The issue is that a reasonable fix to these problems would involve an API change

I am not particularly concerned about API changes at this stage; I don't know what plans @gaborcsardi has with igraph in the near future, but considering how much time has passed since the last release, the next one would probably be a major one anyway, so some API breakage here and there does not matter.

To my knowledge, there are next to no hard results about convergence rates for such methods.
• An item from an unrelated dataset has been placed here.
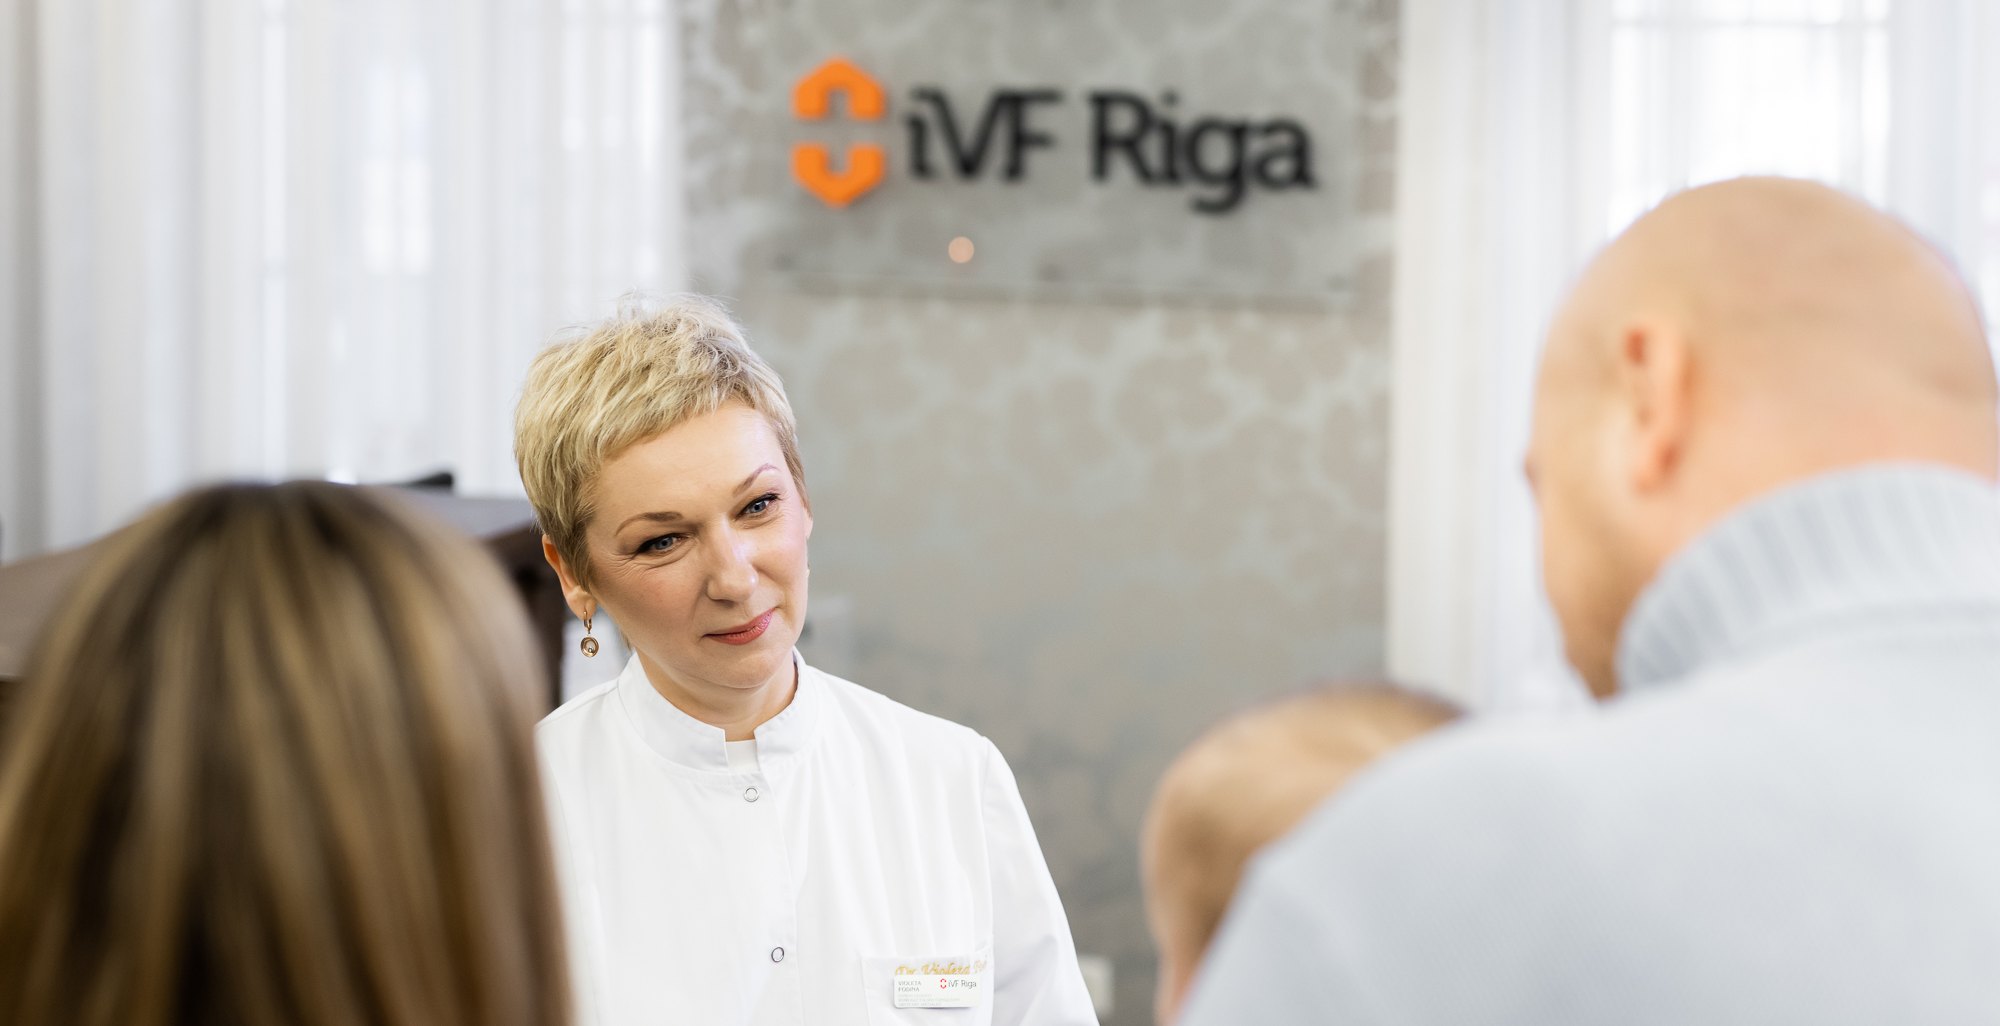 iVF Riga in Latvia

I am not aware of any similar results either (at least not ones backed by the level of academic rigor that you commonly see in the mathematics community), but I haven't been following the developments in this field for the last few years so I might be wrong. However, I still think that "average" users (especially those who come to igraph from other fields) generally expect the library to have some kind of a "here is this degree sequence, give me a graph, no questions asked" type of function, and the VL method lived up to their expectations so far. We can remove the claim about the uniform sampling in the documentation to clear things up, and then users for whom the uniformity of the sampling is important can then use the method you suggested in some other issue here (if it gets implemented). For "everyday" use-cases, the VL method is probably fine and probably more efficient than the naive methods that we have, especially when connectedness is important. (As far as I know, the VL method uses some kind of a scheme where connectedness is checked only every N steps, and it can "rewind" the last N steps if it turns out that the connectedness property was violated).

stale[bot] commented 4 years ago

This issue has been automatically marked as stale because it has not had recent activity. It will be closed if no further activity occurs. Thank you for your contributions.